##### SUPPLIED MATERIAL #####

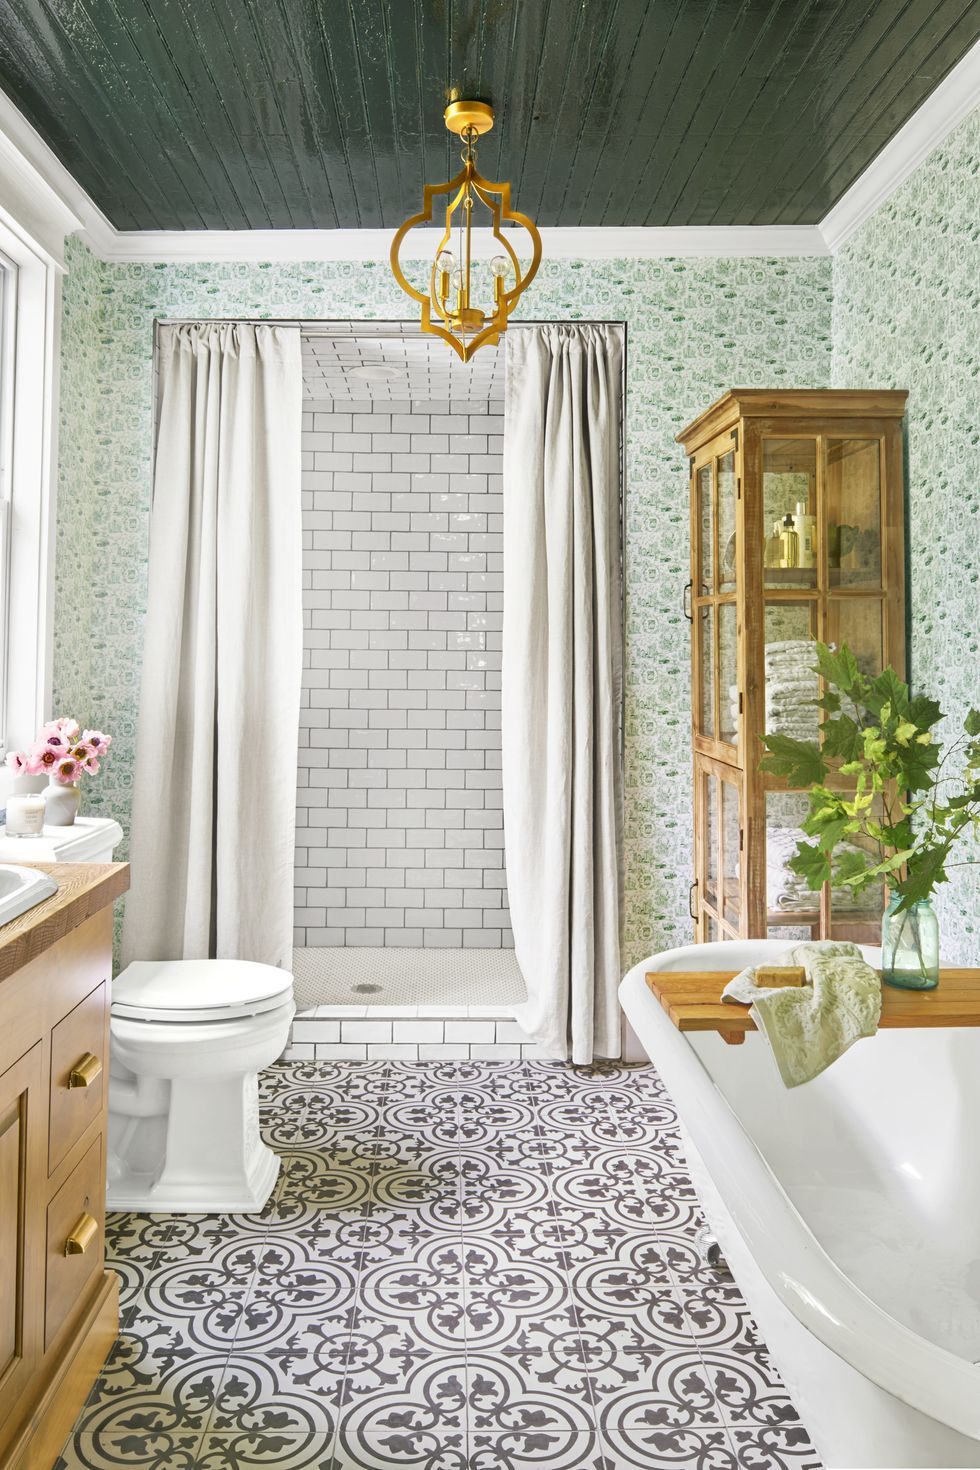 20 Popular Bathroom Tile Ideas Bathroom Wall And Floor Tiles
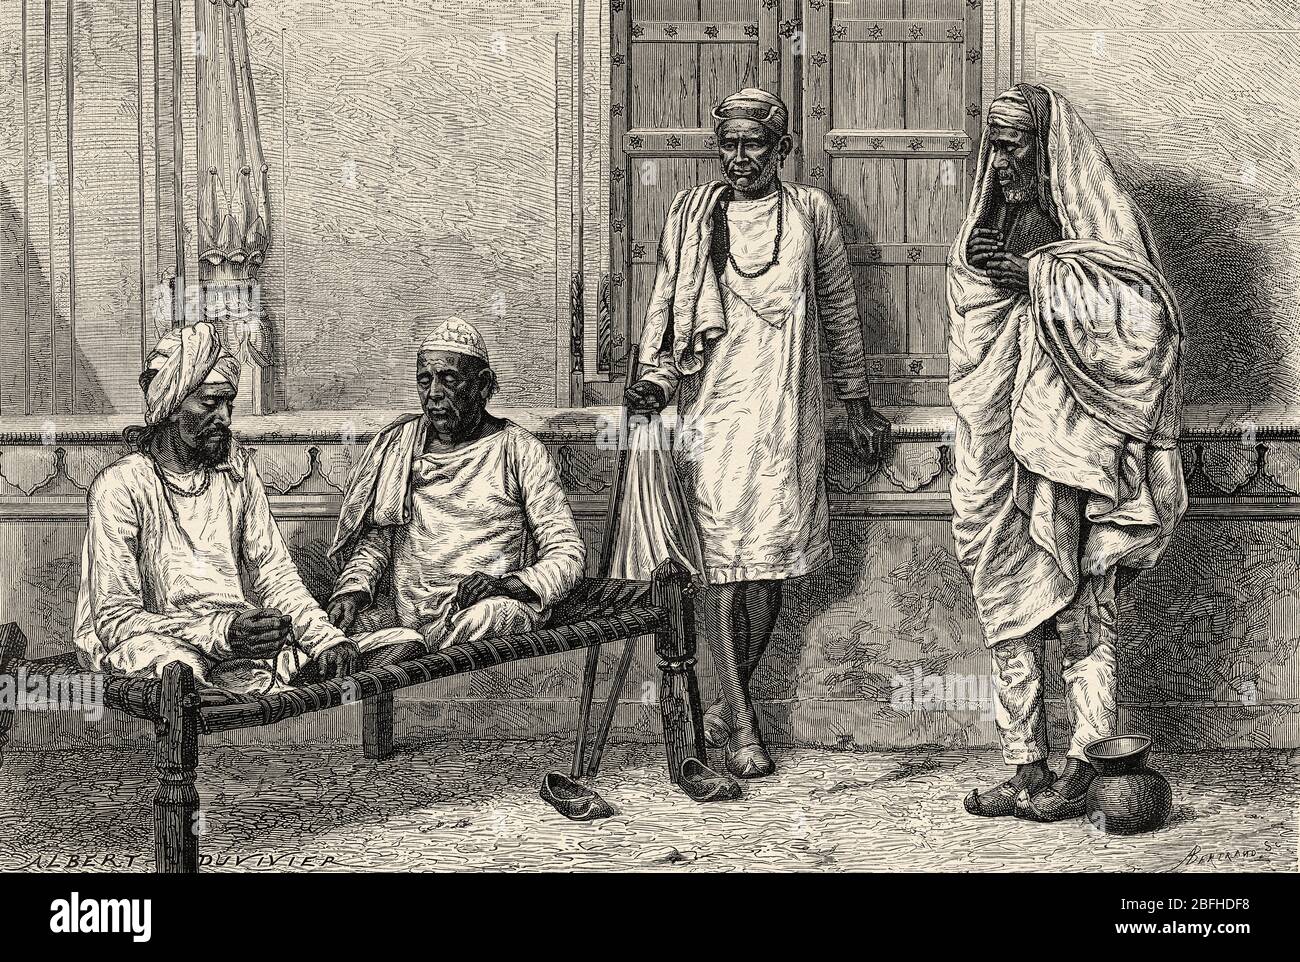 Portrait of Religious mendicants, Benares. Uttar Pradesh, India. Old engraving illustration from El Mundo en la Mano 1878 Stock Photo
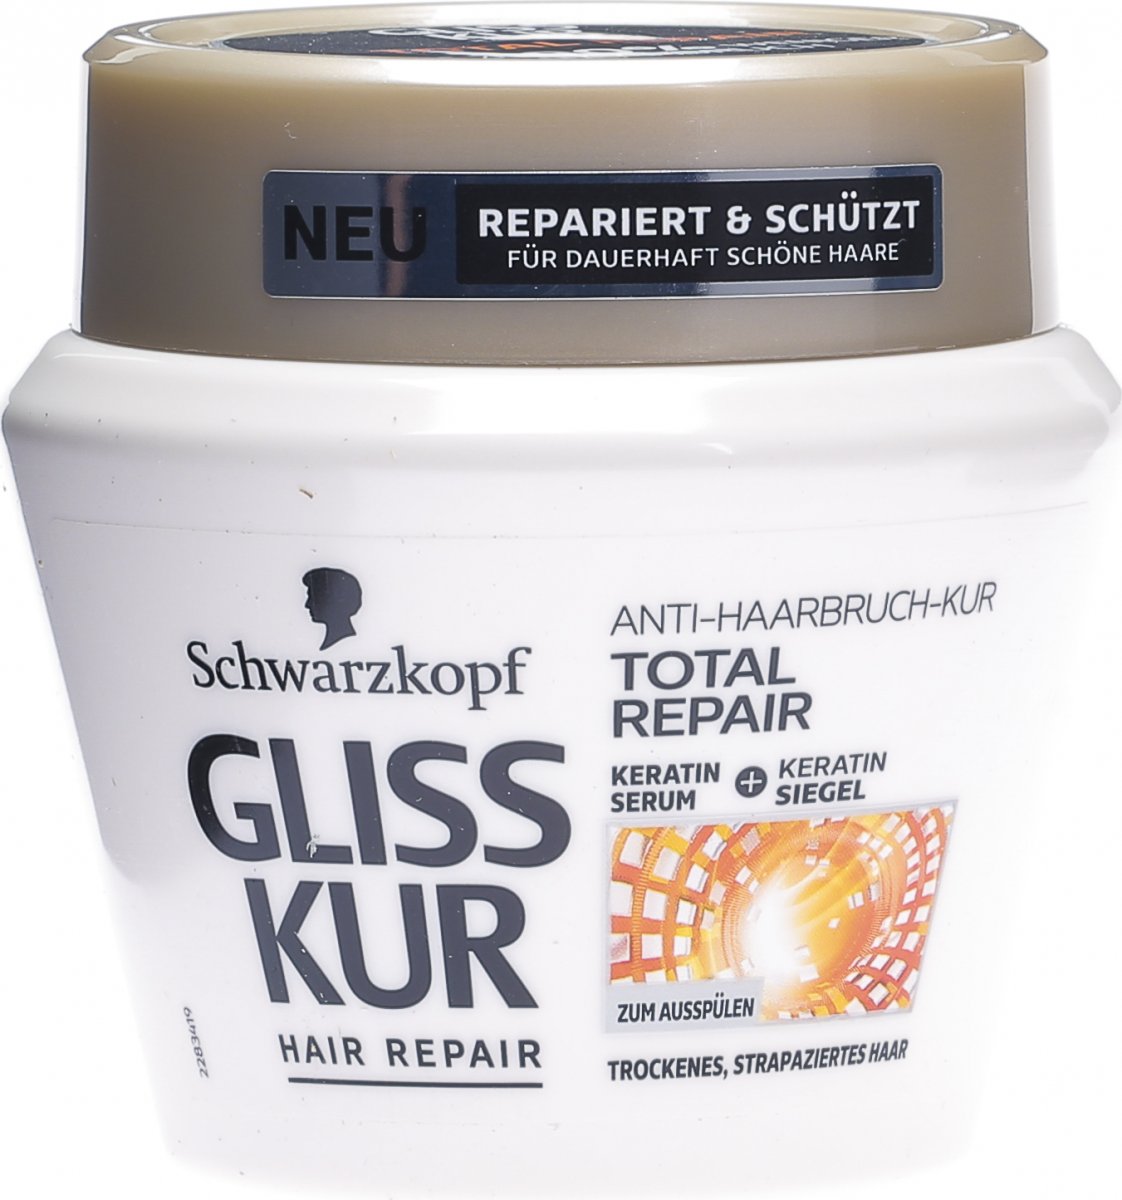 Gliss Kur Total Repair Anti Haarbruch Kur 300ml In Der Adler Apotheke
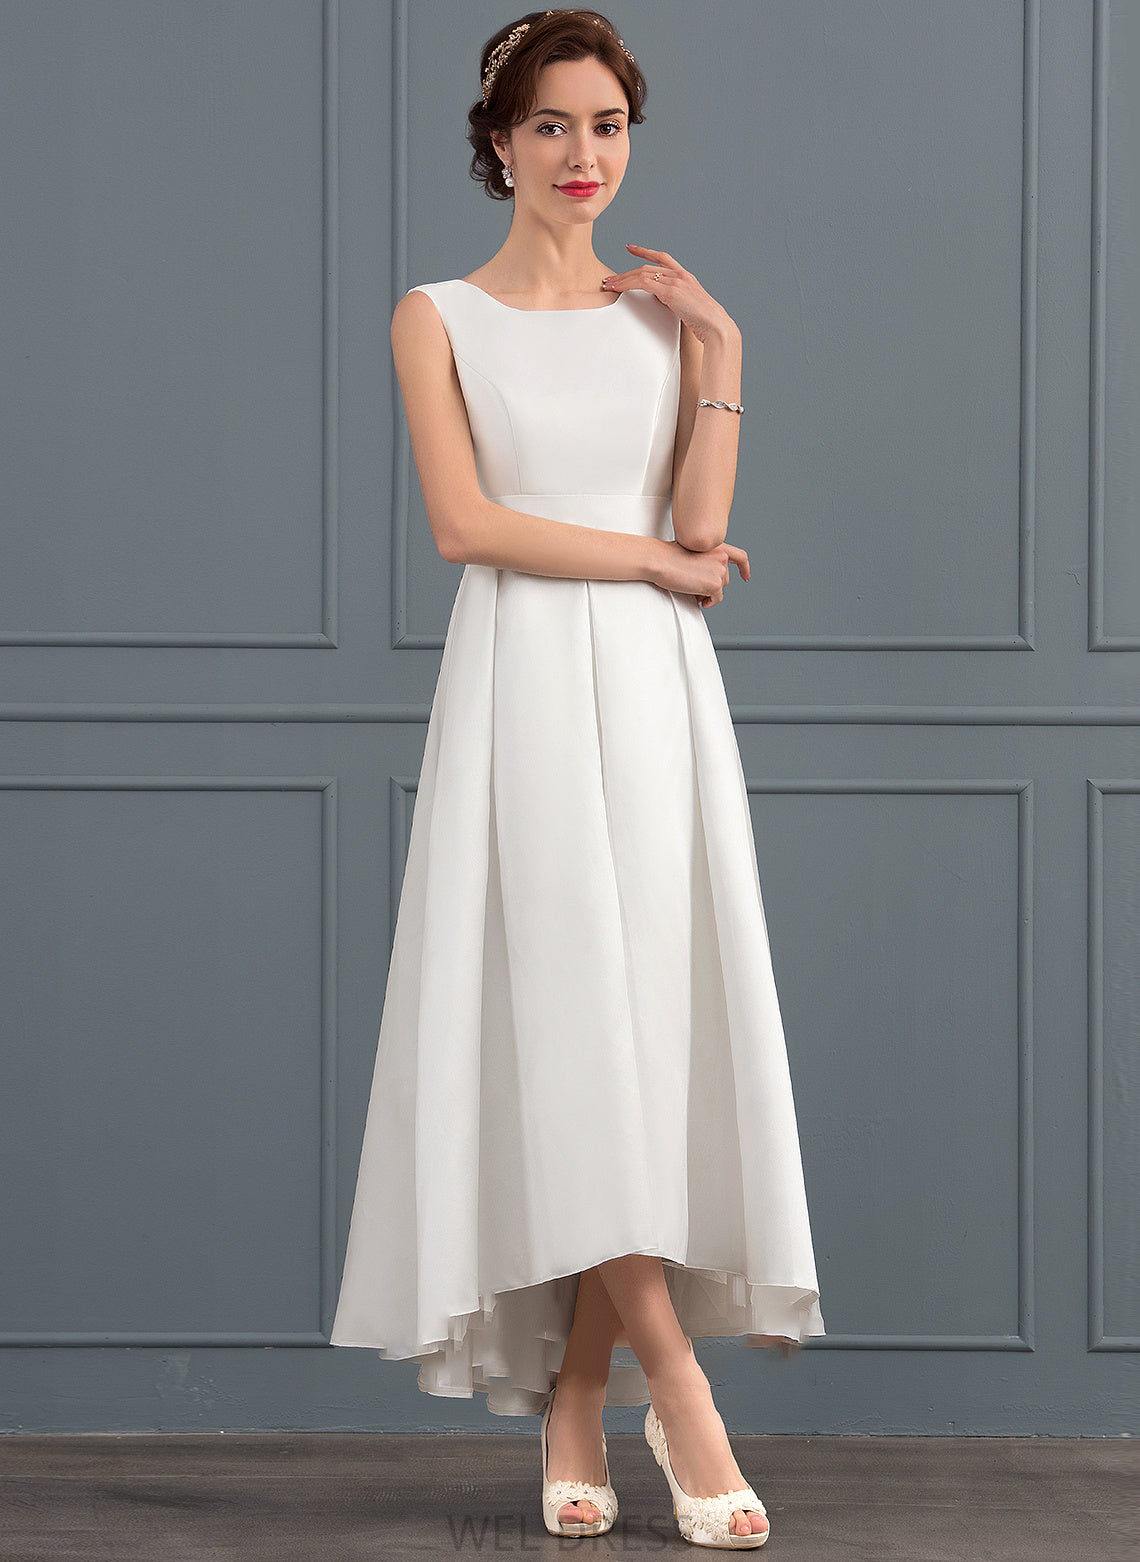 Square Satin Asymmetrical Dress Kate Wedding A-Line Wedding Dresses Neckline

#####

Could the material above be given again exactly, pictures excluded?

 20 Popular Bathroom Tile Ideas Bathroom Wall And Floor Tiles
 Portrait of Religious mendicants, Benares. Uttar Pradesh, India. Old engraving illustration from El Mundo en la Mano 1878 Stock Photo
 Gliss Kur Total Repair Anti Haarbruch Kur 300ml In Der Adler Apotheke
 Square Satin Asymmetrical Dress Kate Wedding A-Line Wedding Dresses Neckline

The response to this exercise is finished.